Cutting Characteristics of Binderless Diamond Tools in High-Speed Turning of Ti-6Al-4V – Availability of Single-Crystal and Nano-Polycrystalline Diamond –
Abang Mohammad Nizam Abang Kamaruddin*1,*2,†, Akira Hosokawa*3, Takashi Ueda*4, and Tatsuaki Furumoto*3
*1Faculty of Engineering, Universiti Malaysia Sarawak, Malaysia
*2Graduate School of Natural Science and Technology, Kanazawa University
Kakuma-machi, Kanazawa 920-1192, Japan
†Corresponding author, E-mail: email@example.com
*3Faculty of Mechanical Engineering, Kanazawa University, Kanazawa, Japan
*4Department of Mechanical Science and Engineering, Nagoya University, Nagoya, Japan
In this study, the tool performance of two types of binderless diamond tools – single-crystal diamond (SCD) and nano-polycrystalline diamond (NPD) – is investigated in the high-speed cutting of titanium alloy (Ti-6Al-4V) with a water-soluble coolant. The NPD tool allows for a larger cutting force than the SCD tool by dulling of the cutting edge, despite NPD being harder than SCD. This large cutting force and the very low thermal conductivity of NPD yield a high cutting temperature above 500°C, which promotes the adhesion of the workpiece to the tool face, thereby increasing tool wear.

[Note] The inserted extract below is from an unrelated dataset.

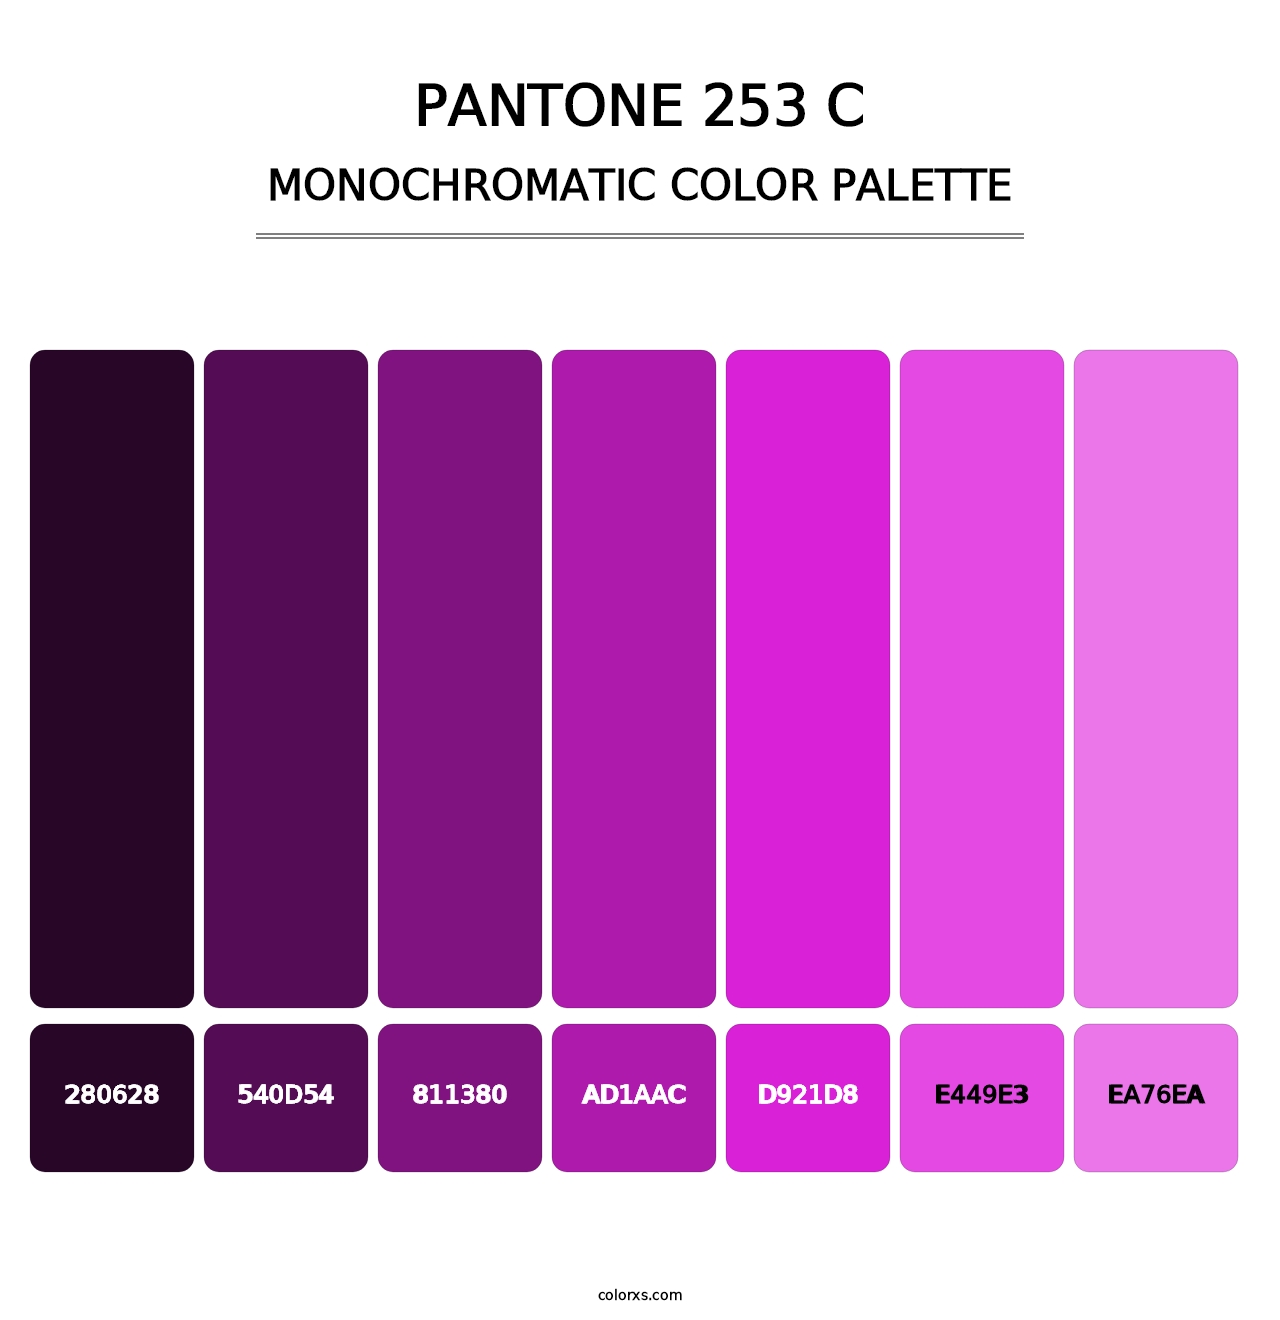 PANTONE 253 C - Monochromatic Color Palette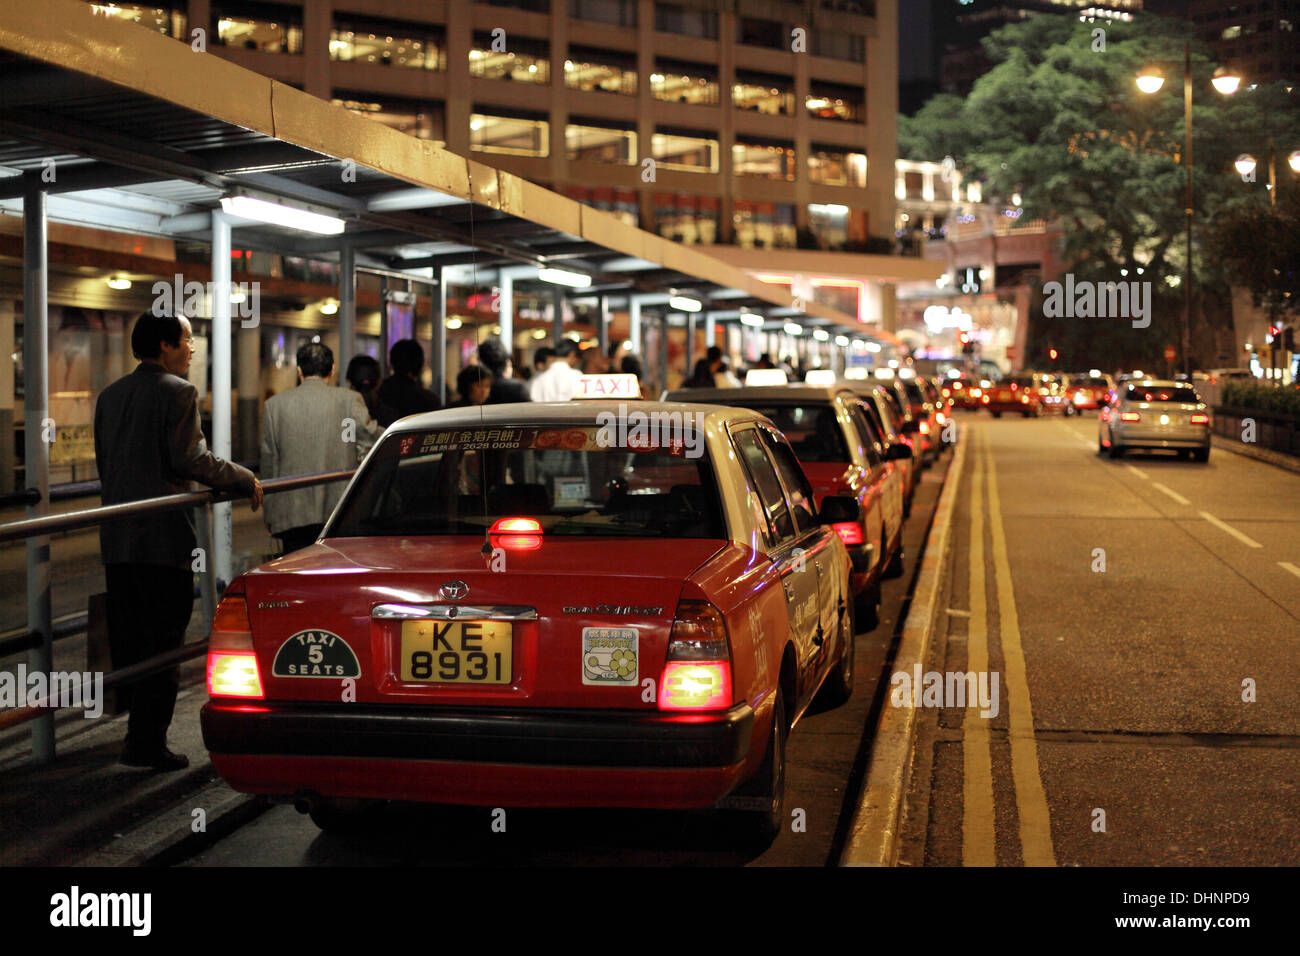 Taxi rank in Hong Kong at night Stock Photo

Based on the morphology of the tool edge without scratch marks and the elemental analysis by energy-dispersive X-ray spectroscopy (EDX) of both the flank face and the cutting chips, diffusion-dissolution wear is determined to be the dominant mechanism in the diamond tool. A thin TiC layer seems to be formed in the boundary between the diamond tool and the titanium alloy at high temperatures; this is removed by the cutting chips.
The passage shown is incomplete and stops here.